Projected annual cost of the above proposals (Gleaners Food Bank, after school tutoring in Brasilia and St. Richard’s Episcopal Day School, health fair tests, reduce child mortality, well mother, disease prevention) is $1,930, or about 4 percent of our budget.
How can we afford to give to others when we are,
ourselves, members of an aided parish? St. Timothy’s is
approximately 6 years through a 10-year aid program with the Diocese, currently
receiving $1,416.67 per month.
Some have reflected on this as collection on our insurance policy — we were a financially strong parish for many years, and paid excess funds, so now we’re just collecting our due. At the same time, we’ve been reeling from declining membership, lack of a fulltime rector and perceived disinterest from the Diocese.
Some people don’t want to give money to the
national church, because they disagree with its priorities, politics or
policies. Can we designate money that we raise and give away?
Our monthly liability to the Diocese is $1,136.67. It’s an amount we can’t not
pay and it’s not just a “wash” in which we deduct our obligation to the Diocese
from the Diocesan monthly aid check.
The
Diocese of Indianapolis has its own obligation to the national church, but has
pledged to support the MDGs, setting aside .7 percent of its budget.

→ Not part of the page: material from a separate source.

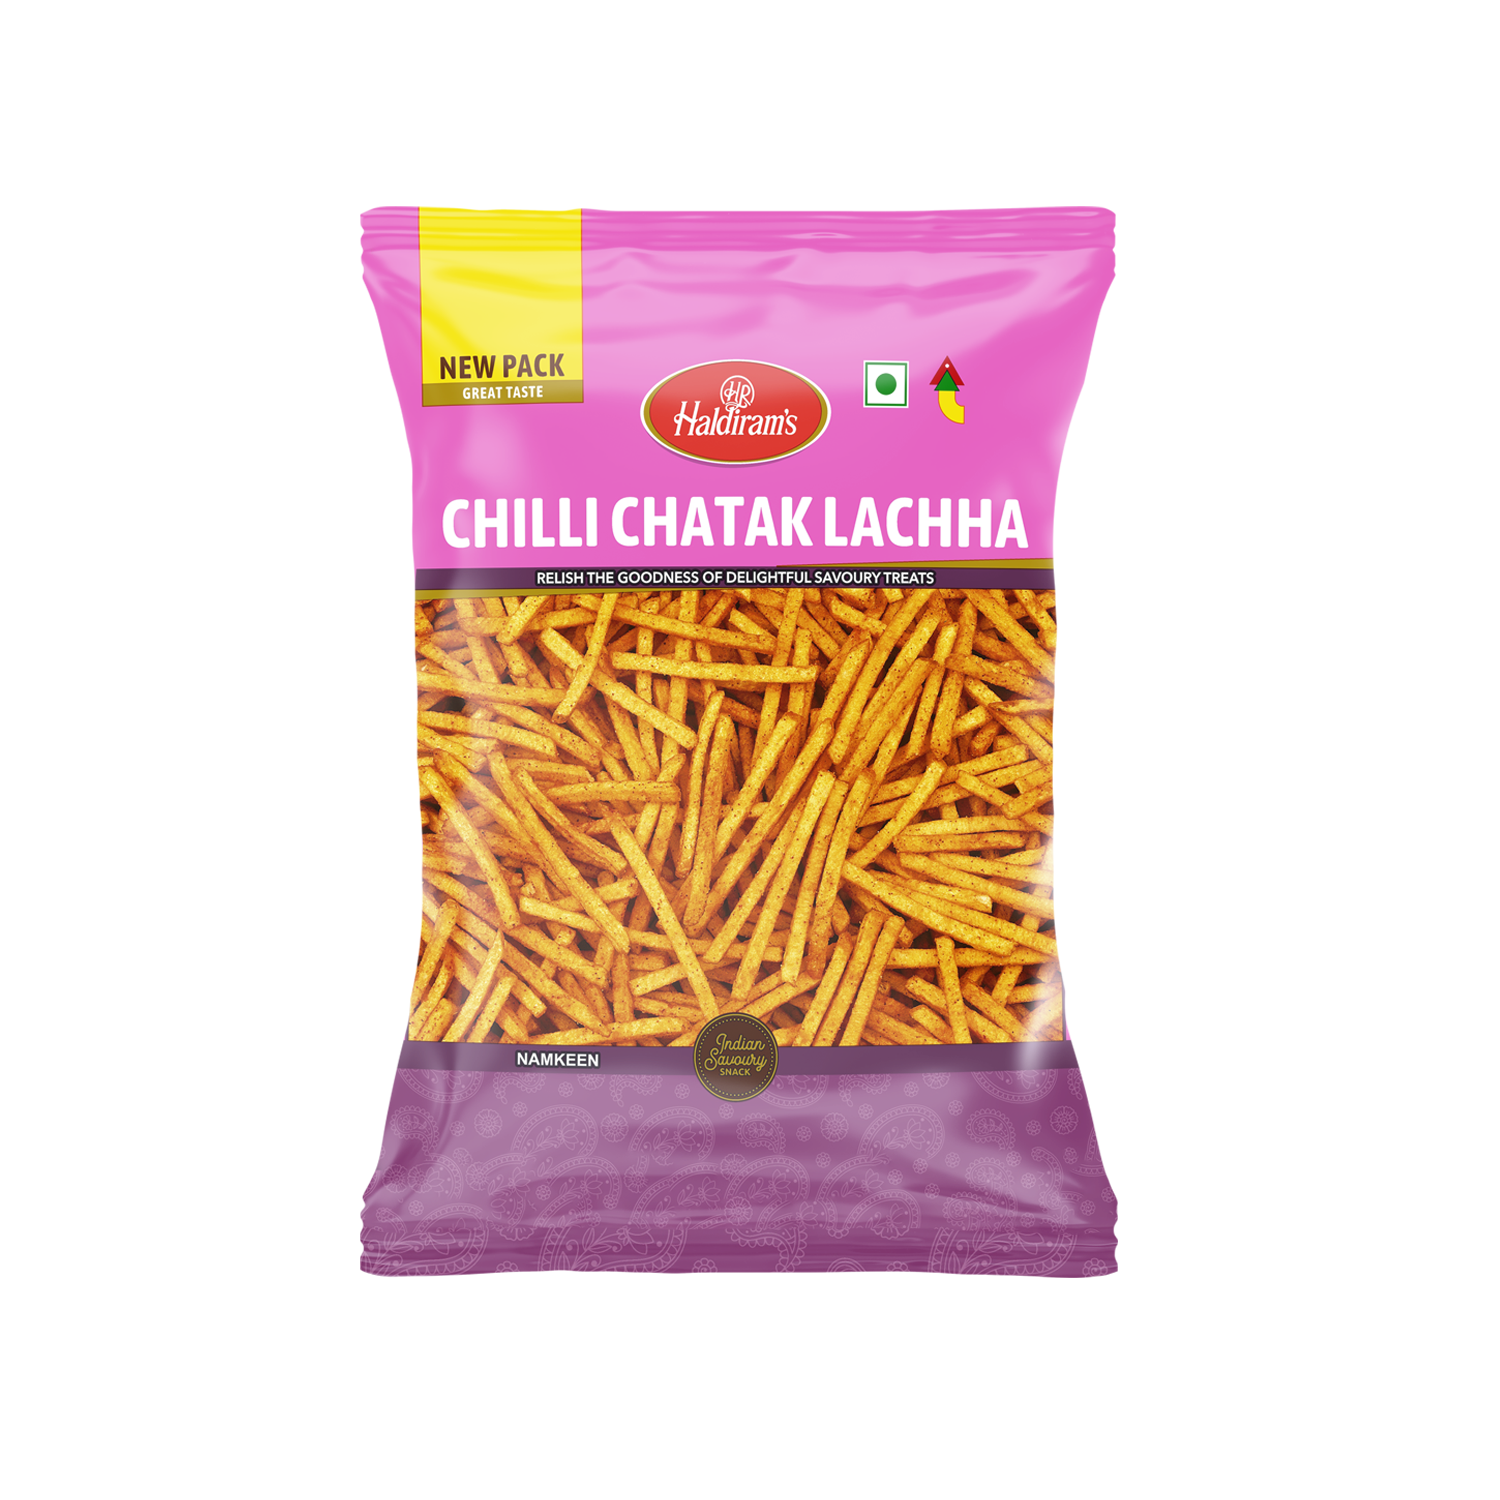 Chilli Chatak Lachha

We do designate money that we raise and give away already, for the UTO
and the Episcopal Fund for Human Need, given regularly through collection
envelopes. Last year, St. Timothy’s was the only parish in the Diocese to
receive a grant from the national UTO fund, in support of our food pantry
($10,000). The Epsicopal Fund for Human Need (now called Episcopal Relief and
Development) supports freshwater projects throughout the world and disaster and
disease relief programs, such as helping in the hurricane-ravaged Gulf Coast
region.
In
our parish lore, our budget/accounting software has a glitch that will not
allow us to delete inactive funds, so regularly our budget reflects “0” amounts
in items that we don’t fund or spend from. So while we show lines for the
Presiding Bishop’s Fund for World Relief, EFHN and Conner House, those lines
are phantoms.
We aren’t intentionally budgeting for a rector. How
can we give for relief of the world’s problems?
Perhaps we feel hopeless. Perhaps we’re waiting on leadership from the Diocese,
or a solution from the heavens. It’s hard to take responsibility for operating
the parish; it means a lot of sacrifices from a lot of people, giving with love
and a hope that it will somehow help.
Meanwhile,
we’re still members of the worldwide Anglican Communion, Episcopalians in the
Diocese of Indianapolis. Both our helplessness and hopelessness and our
identity as Episcopalians are true statements of who we are. But we do have
help and hope from our Lord, Jesus Christ, whose church and world we are
responsible for.
Budgeting with intention for the hiring of a rector
(sometime) and designating .7 percent of our resources for the Millennium
Development Goals will both strengthen our faith and challenge it. Both / and,
not either / or.
We are getting stronger week by week.
Our weekly worship together is our attempt to gather strength to serve.
The move from two services to one has
strengthened our time together by helping us see each other’s needs as we pray
and take Communion together.
Several infant Baptisms this year have
brought together family members from near and far, sometimes giving us the
joyful presence of 70-75 people for divine worship. Somehow, new soldiers are
joining in the battle for good, and God’s Kingdom is being won prayer by
prayer.
We sometimes weary of having so many
different priests’ faces (about 20 in the past nine years) in front of us and
we long for stability, but perhaps the rotating cast of characters serving the
pulpit position is God’s response to our need.
Let’s take some strength in our Church’s
motto, Jehova jireh — God will
provide, and go out to serve the world.